Intel’s optane memory, released last year, claims to be a new innovation in memory technology. I came across a stick of this memory in a new 2018 HP desktop that made it’s way into the shop for repairs. Immediately it struck me as odd. It’s elongated shape crammed with BGA chips was placed beside the wifi card in a PCIe Mini slot.

Intel claims this memory architecture is faster than NAND flash yet slower than DRAM, functioning as a sort of cache between the HDD or a standard SSD and RAM. This makes sense because there are obvious bottlenecks when fetching data from a slow device like an HDD. This technology will ideally increase the feed rate of data to the CPU.

In fact,  Optane is basically a next-gen version of Intel’s Smart Response Technology (SRT), which used cheap, low-capacity SSDs to cache data for slower, high-capacity conventional hard drives. The difference is that Optane uses memory manufactured and sold by Intel, in conjunction with special hardware and software components on compatible motherboards.

Intel is already selling “Optane” storage drives for corporate data centers. These are closer to conventional SSDs, bringing that expensive, speedy memory right to the storage component of mission-critical servers. Right now, the only industrial-class Optane storage drive mounts just 375GB of storage directly to a PCI express slot, and those drives are selling for thousands of dollars in bulk orders to corporate customers—not exactly a wise investment for a traditional independent system-builder.

According to Intel’s marketing material, adding an Optane M.2 memory module to a 7th-gen Core motherboard can speed up overall “performance” by 28%, with a 1400% increase in data access for an older, spinning hard drive design and “twice the responsiveness” of everyday tasks.

Clearly, this technology makes the most sense when paired with a spinner drive and the performance gains will be less dramatic if you already use an SSD as your main storage device. Optane modules are relatively cheap performance add-ons—approximately $50 for the 16GB M.2 card and $100 for the 32GB version, at the time of writing—it might seem like a no-brainer. But keep in mind a few things. One, you’ll need the latest seventh-generation processor and a compatible motherboard to take advantage of it. Two, though Intel is advertising performance boosts for more or less any situation and application, the most dramatic improvements come from a system with an older spinning hard drive, not increasingly-popular SSD storage. The Optane system also increases power draw by a considerable margin.
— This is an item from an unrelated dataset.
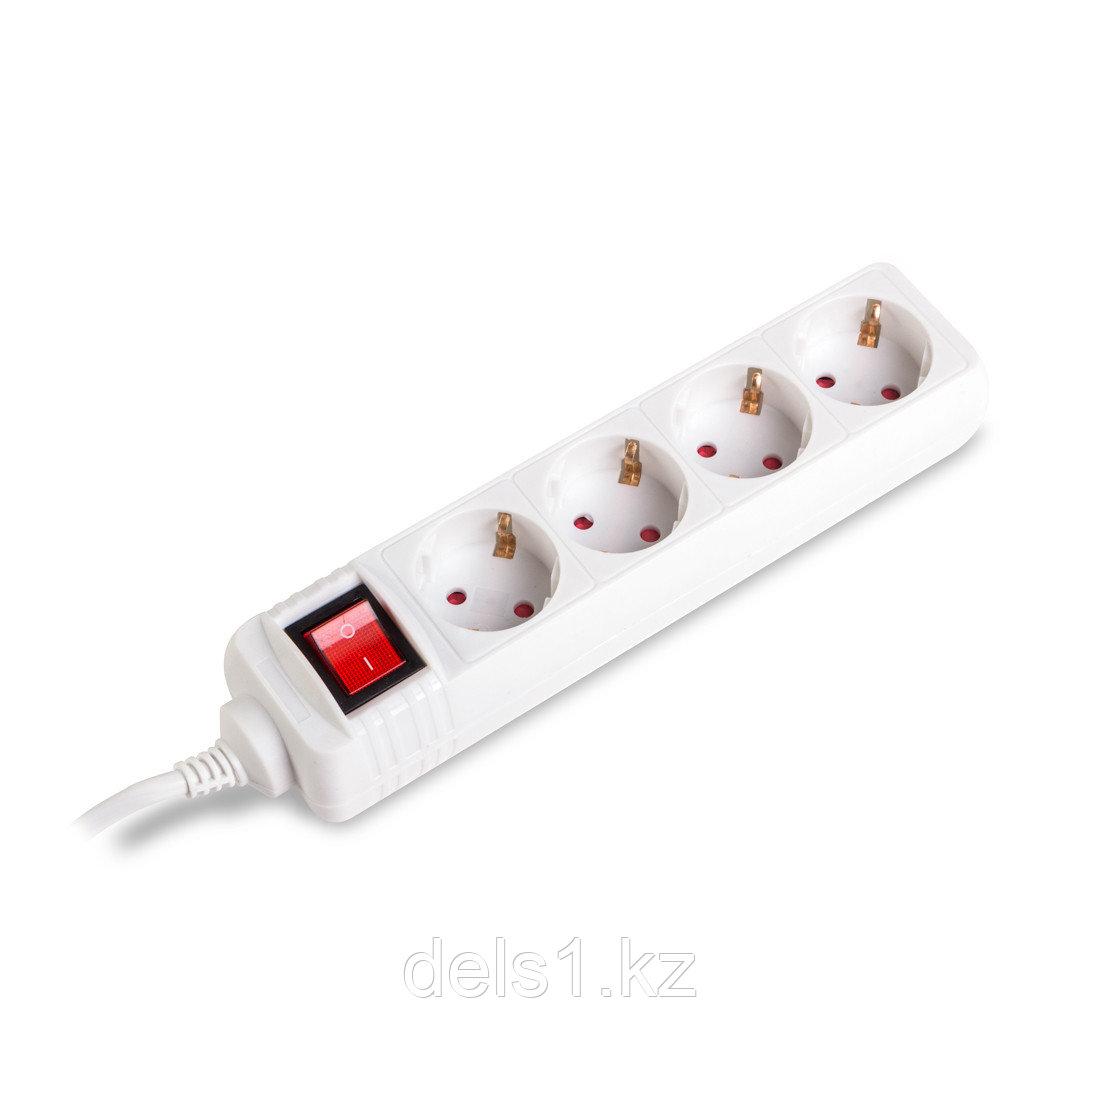 Сетевой фильтр iPower L4S10m 10 м. 220 в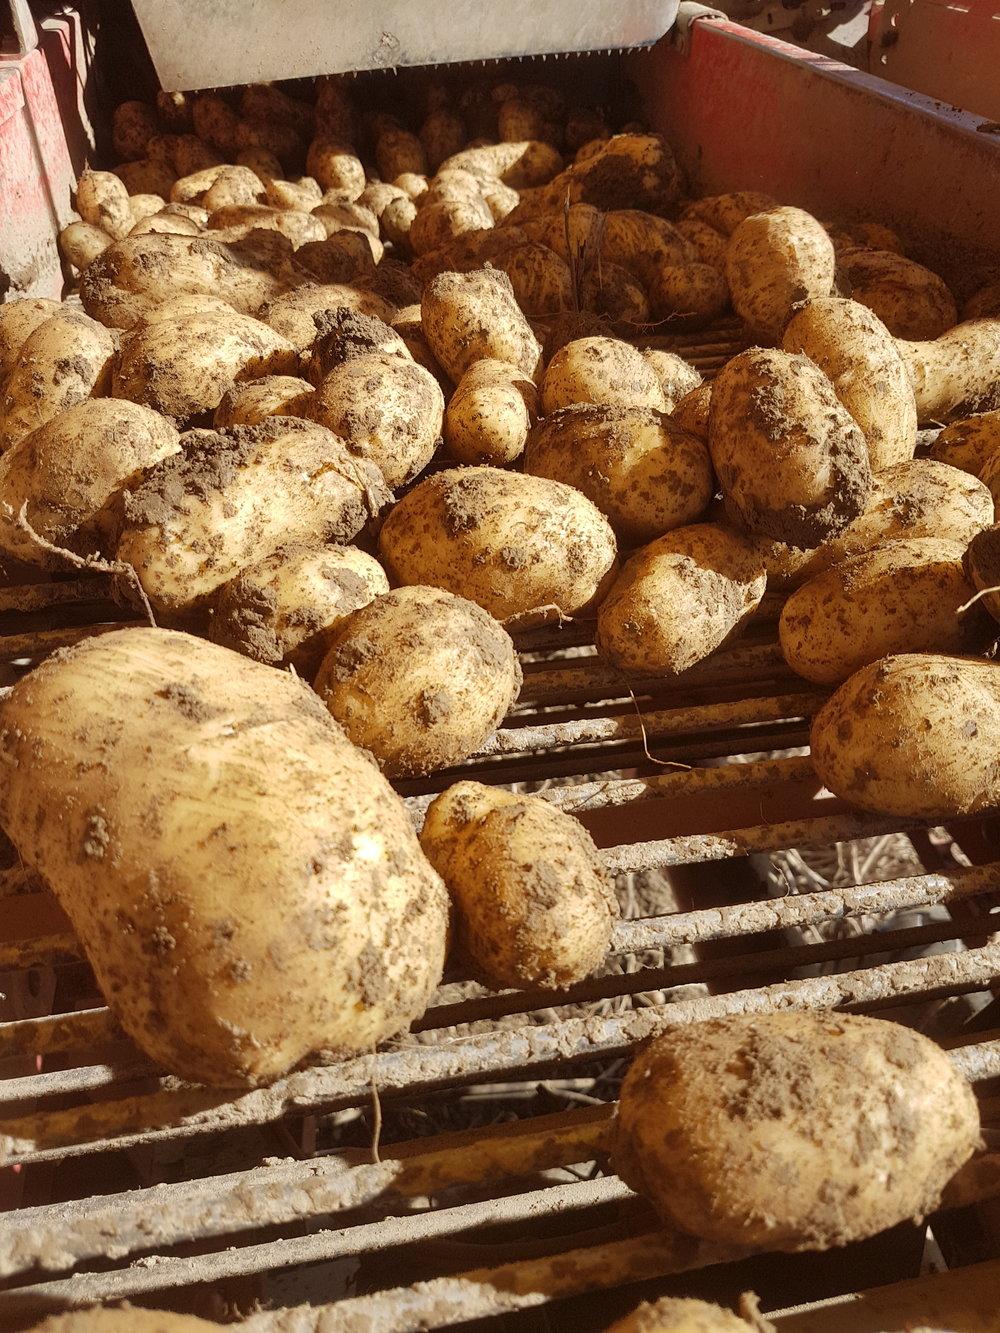 Die letzte Sorte Markies wird zu Pommes Frites verarbeitet

In conclusion the average PC enthusiast would be better off tossing his HDD for a high capacity SSD and saving the headache of upgrading his motherboard and processor in order to use Intel’s Optane Memory. However from Intel’s point of view the innovation is clearly a move to add more proprietary peripherals to their ecosystem of power-hungry jumbo-cache CISC processors that they can market to corporations and consumers alike.